Below are entries with pictures in them. Output exactly the lines starting at the line with "Happy Heavenly Birthday" and ending at the line with "Closeup of a", both included, but not the pictures.

··· Recorded data

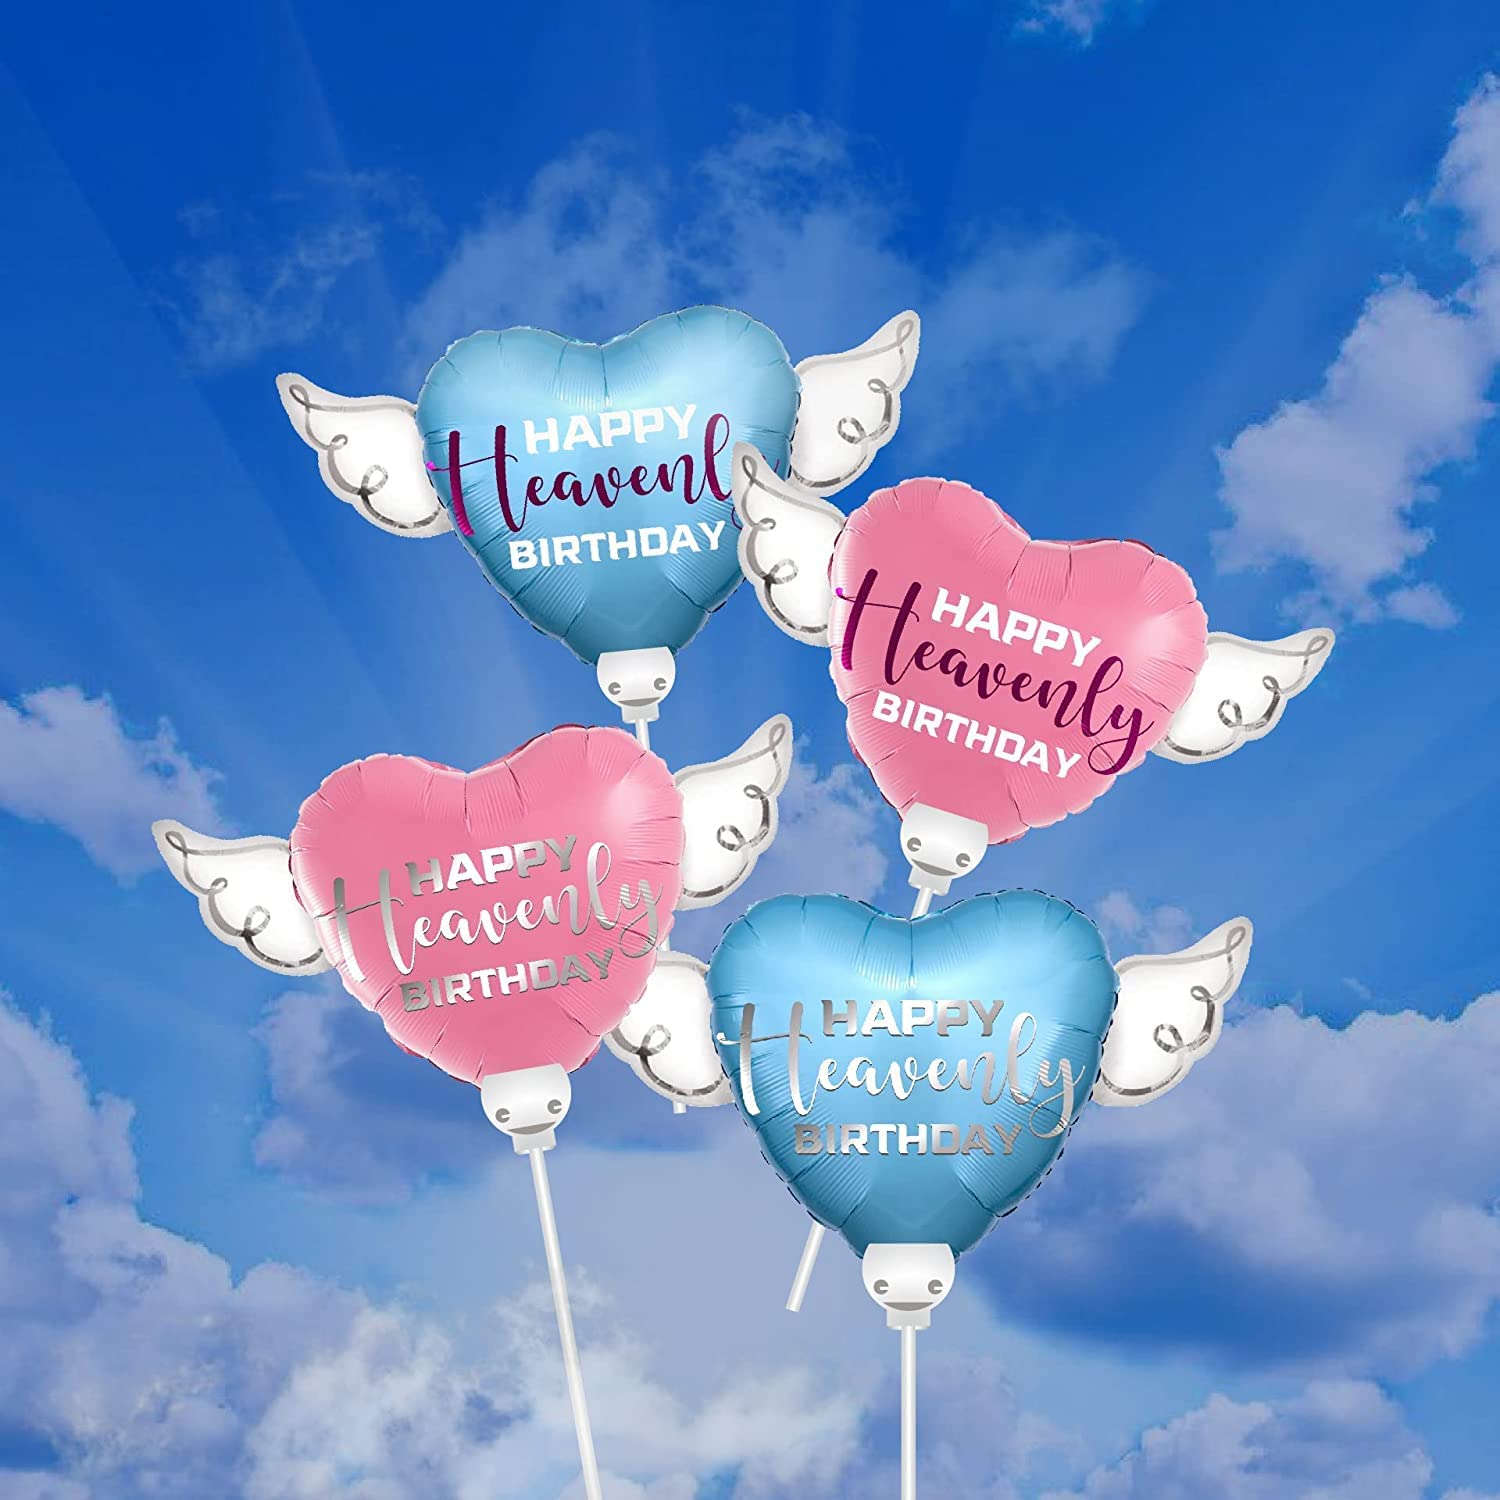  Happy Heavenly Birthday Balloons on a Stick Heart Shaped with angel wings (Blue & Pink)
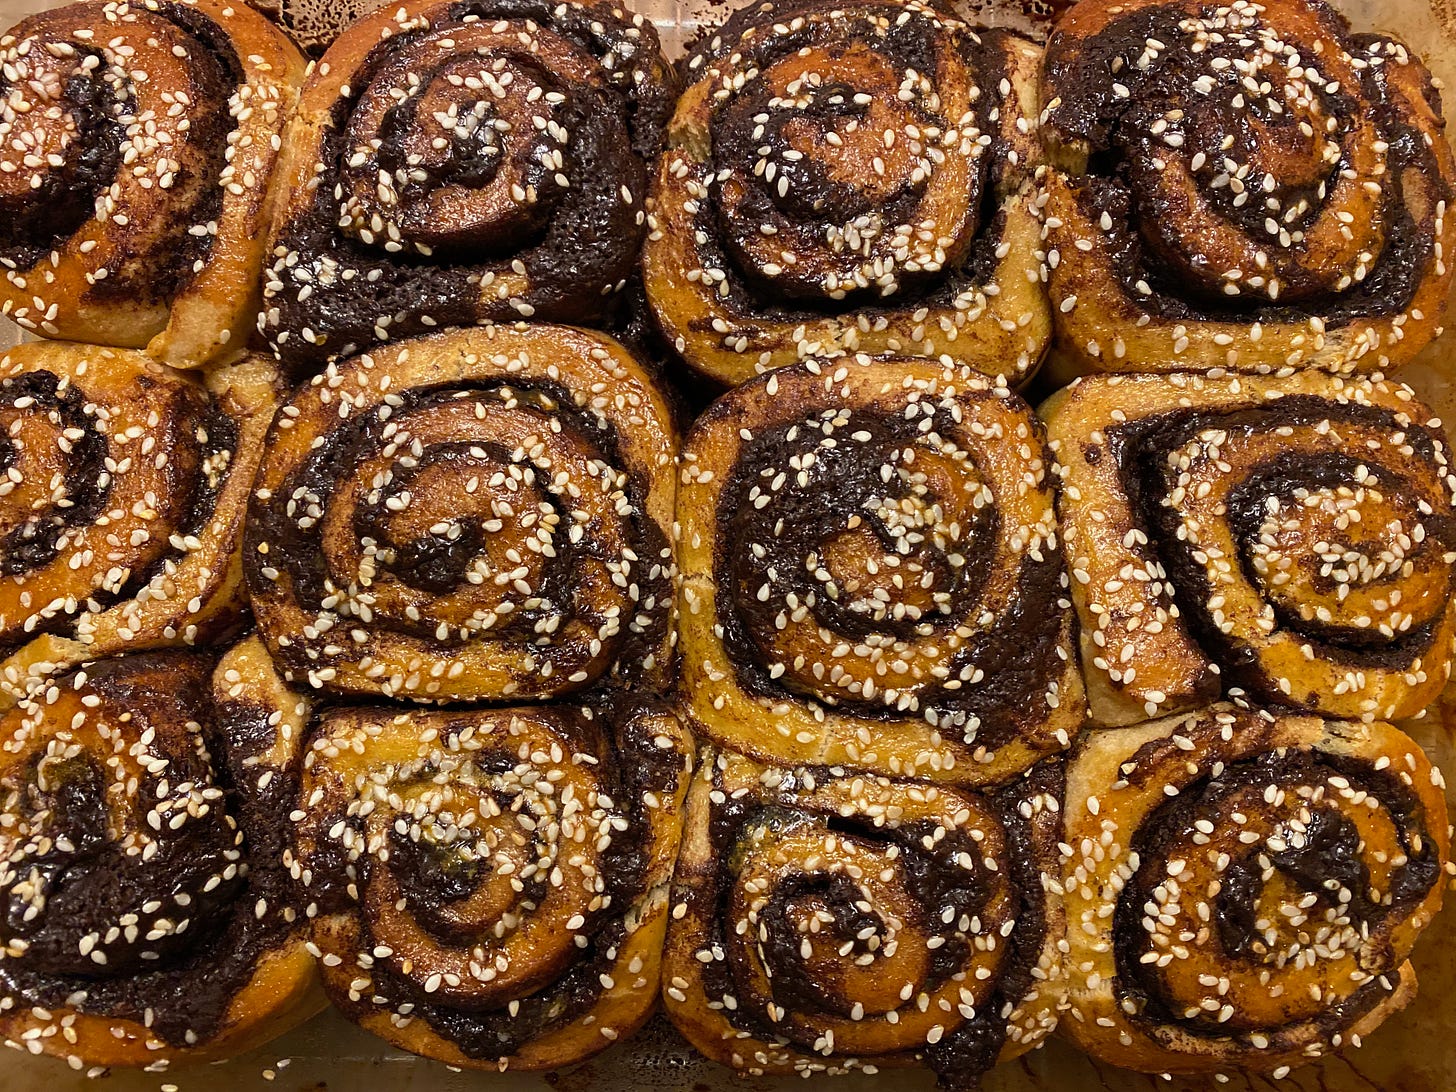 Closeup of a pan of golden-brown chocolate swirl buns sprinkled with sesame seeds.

······
··· Recorded data

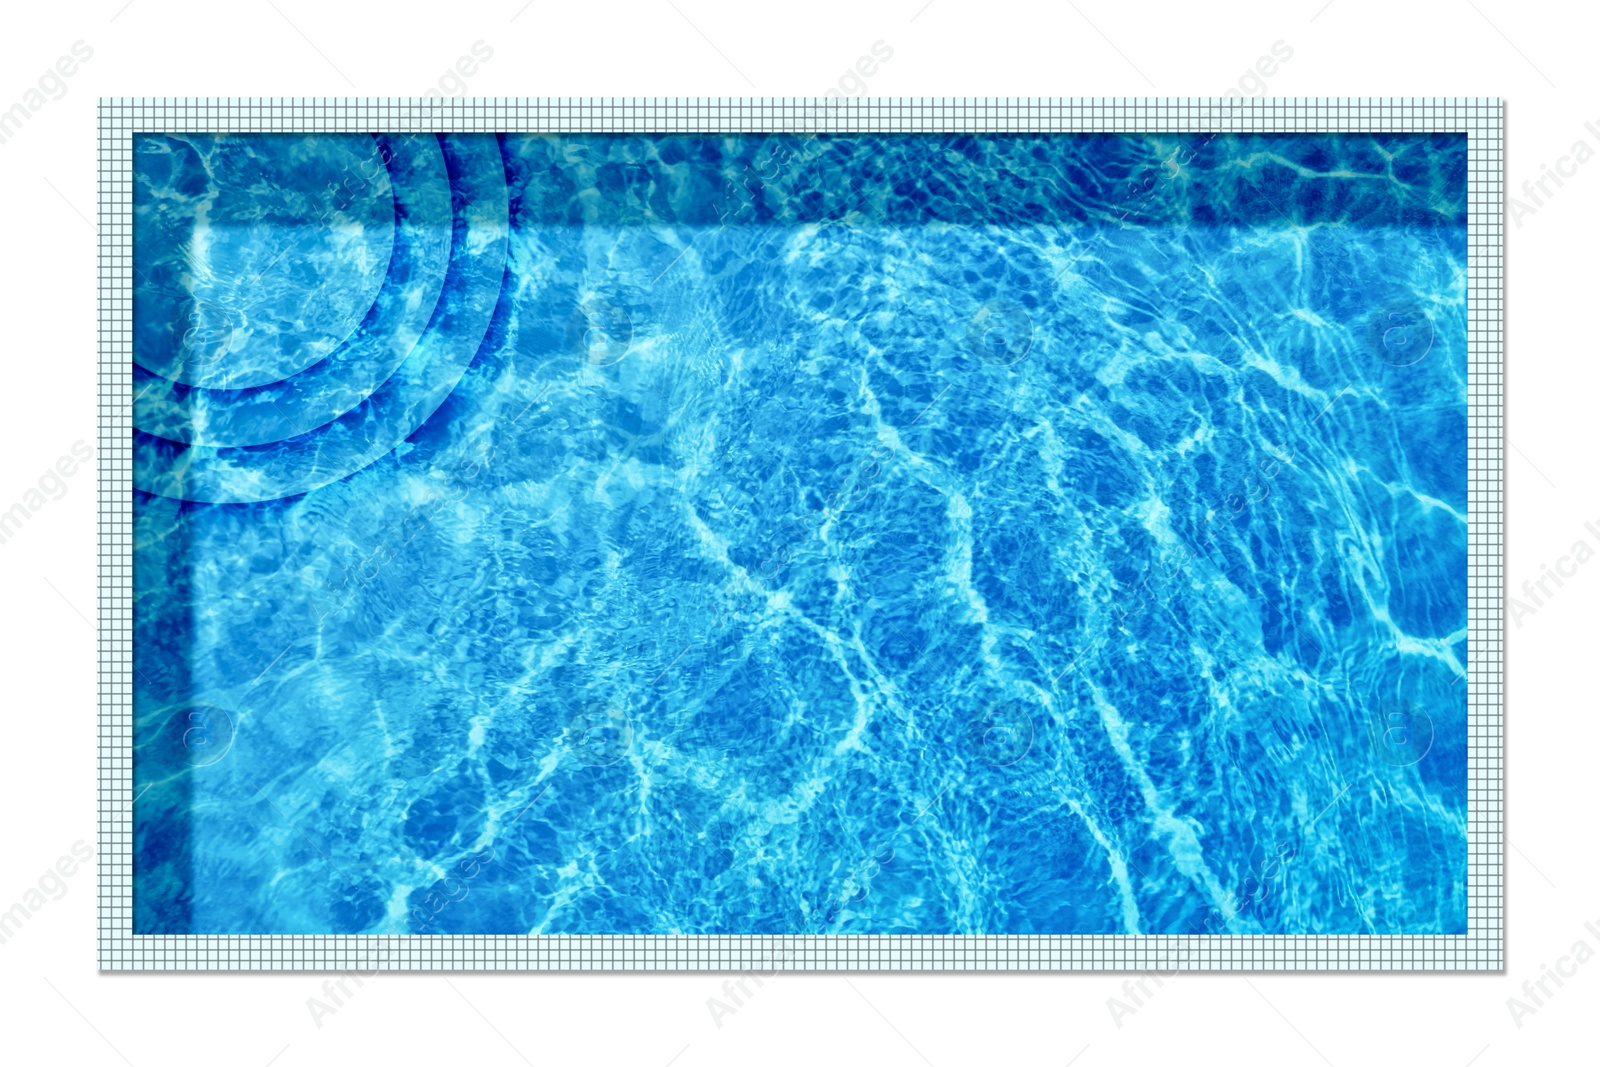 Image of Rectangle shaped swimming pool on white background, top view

······

(Written answer):
  Happy Heavenly Birthday Balloons on a Stick Heart Shaped with angel wings (Blue & Pink)
 Closeup of a pan of golden-brown chocolate swirl buns sprinkled with sesame seeds.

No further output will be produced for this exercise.